▶ **PROVIDED MATERIAL**
[Start of Attachment]

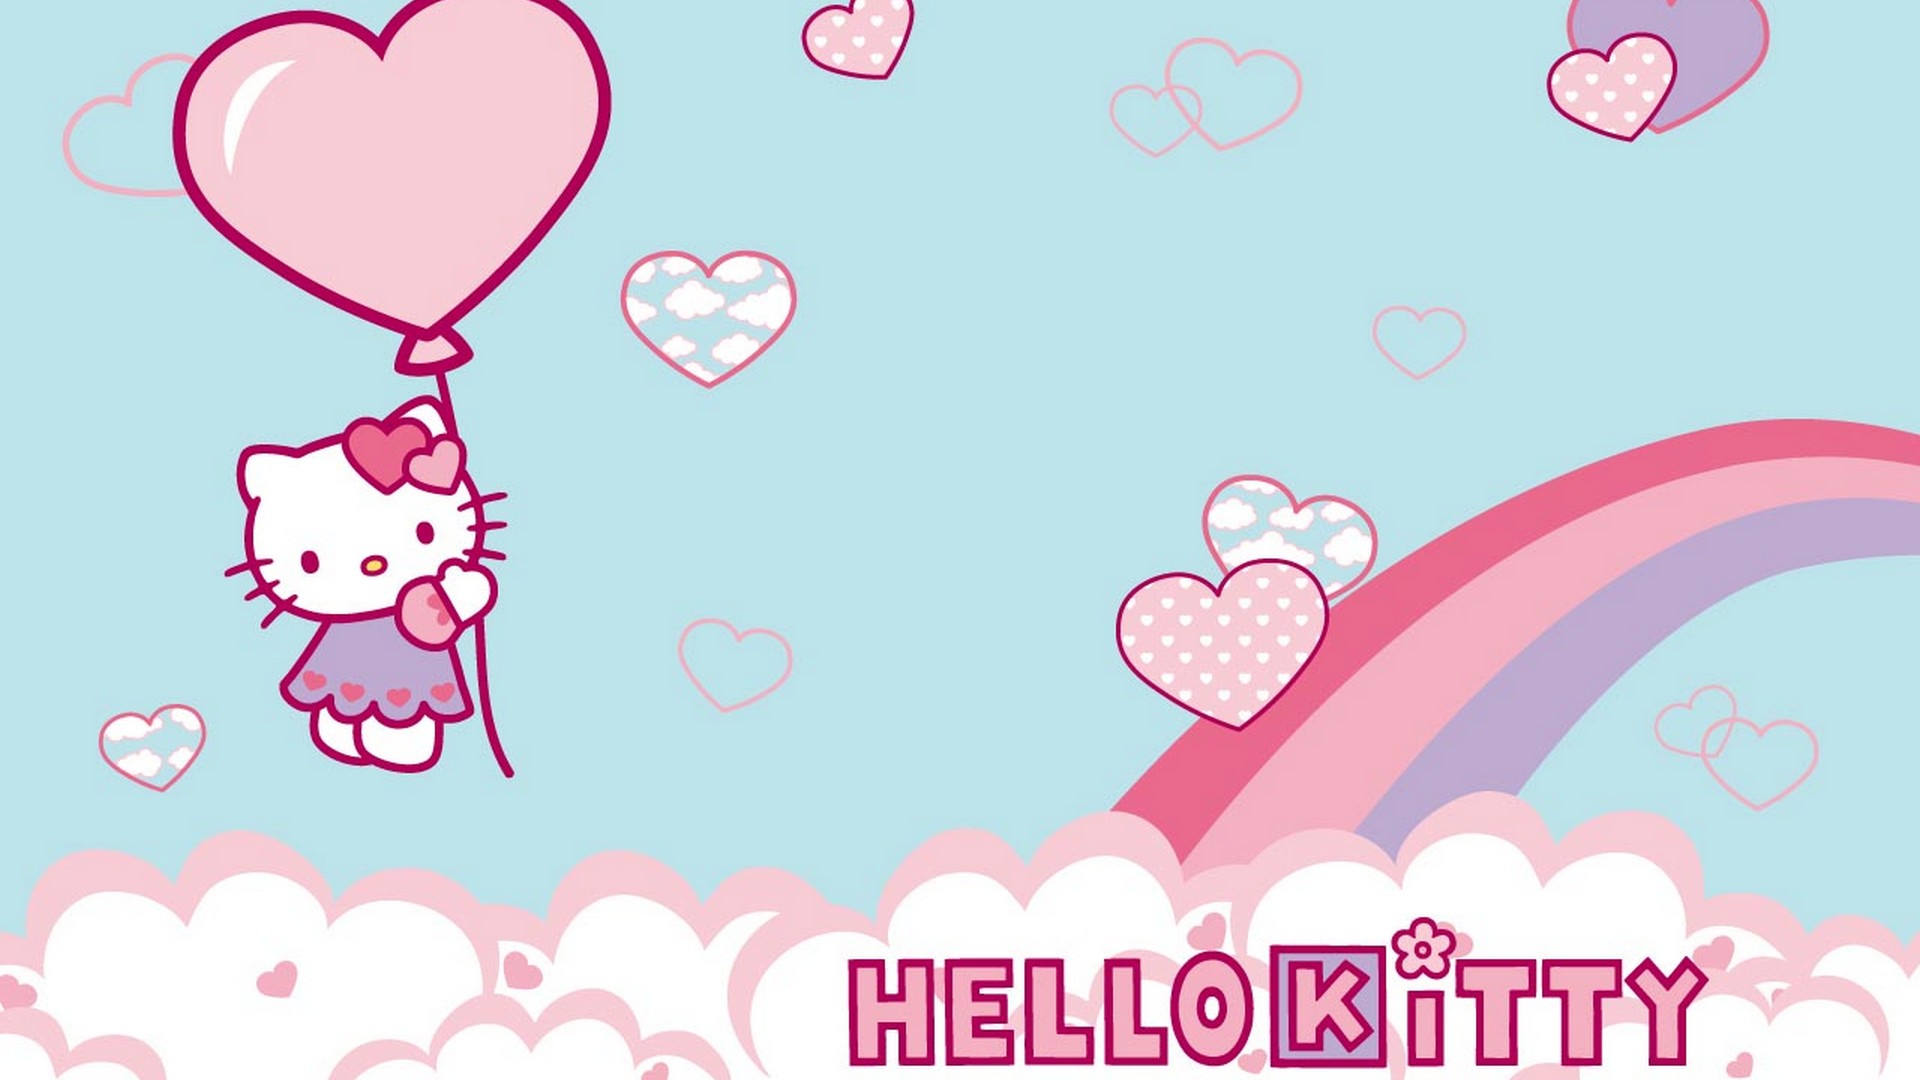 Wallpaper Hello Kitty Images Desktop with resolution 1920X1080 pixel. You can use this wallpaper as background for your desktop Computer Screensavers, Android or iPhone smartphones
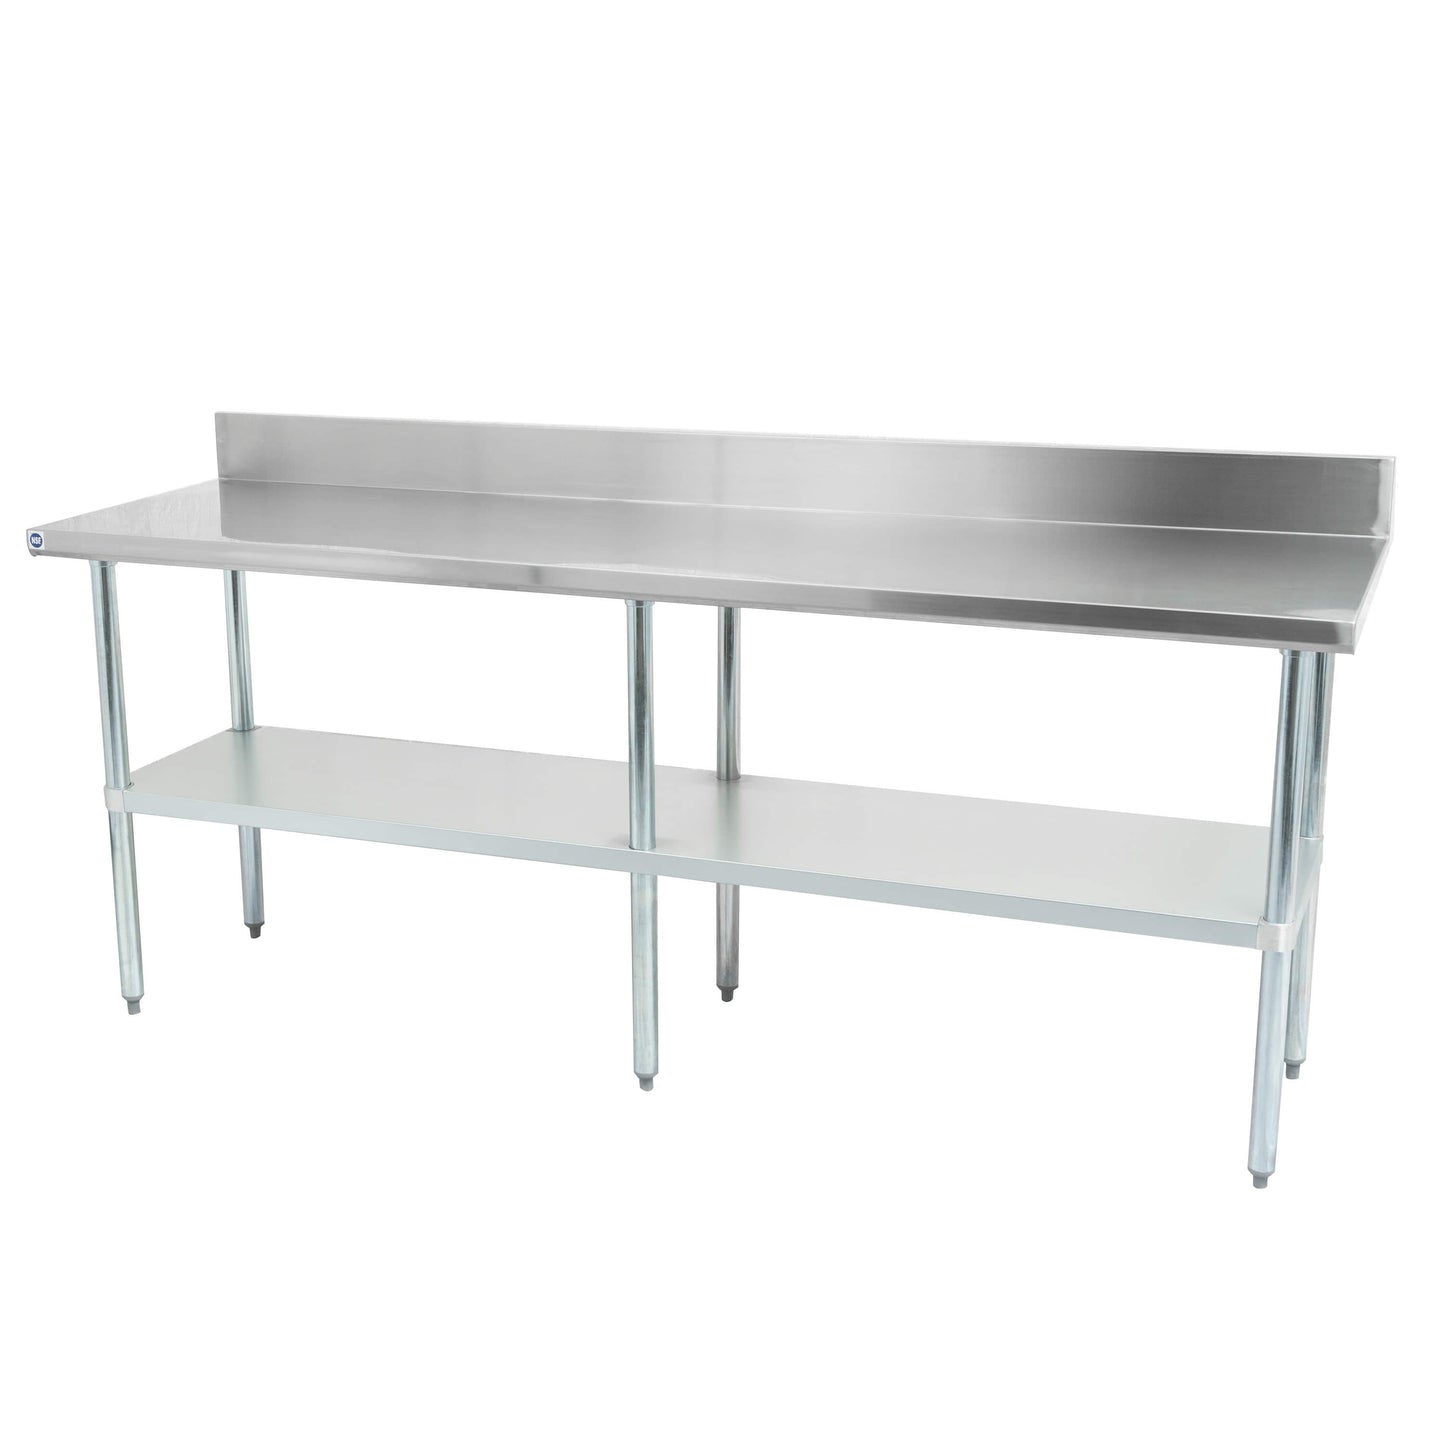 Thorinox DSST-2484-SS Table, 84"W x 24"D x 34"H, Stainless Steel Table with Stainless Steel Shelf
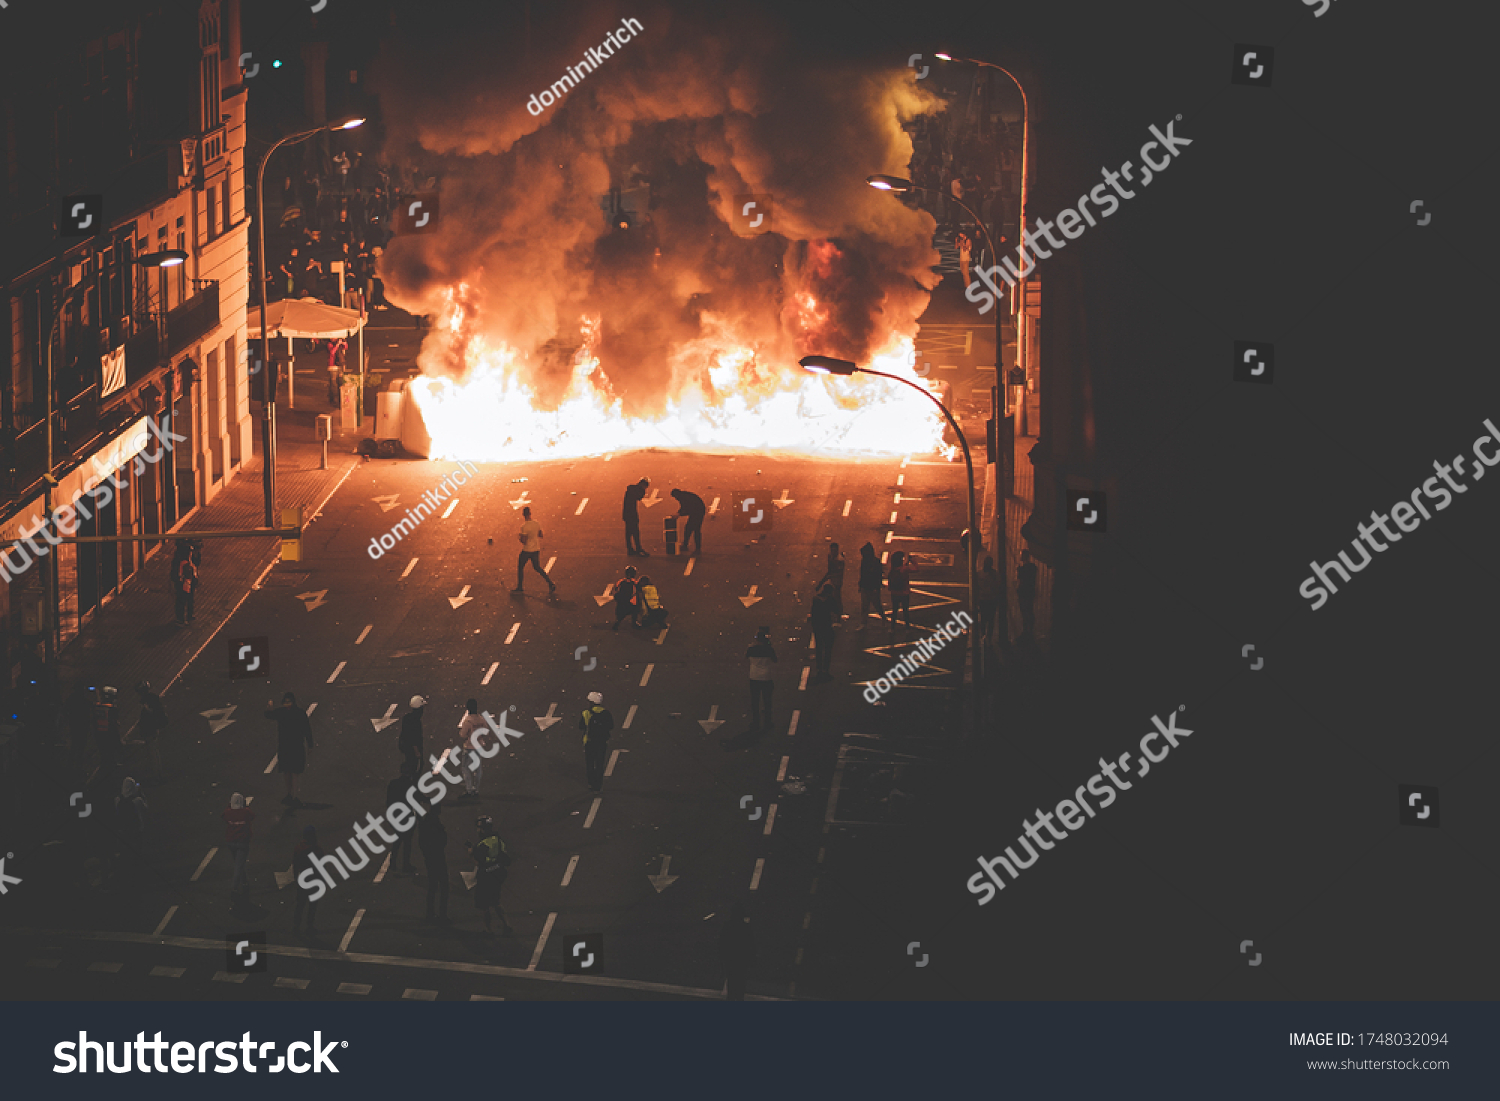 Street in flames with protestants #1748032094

[End of Attachment]

Write out the whole of the data exactly; the pictures stay out.

 Wallpaper Hello Kitty Images Desktop with resolution 1920X1080 pixel. You can use this wallpaper as background for your desktop Computer Screensavers, Android or iPhone smartphones
 Thorinox DSST-2484-SS Table, 84"W x 24"D x 34"H, Stainless Steel Table with Stainless Steel Shelf
 Street in flames with protestants #1748032094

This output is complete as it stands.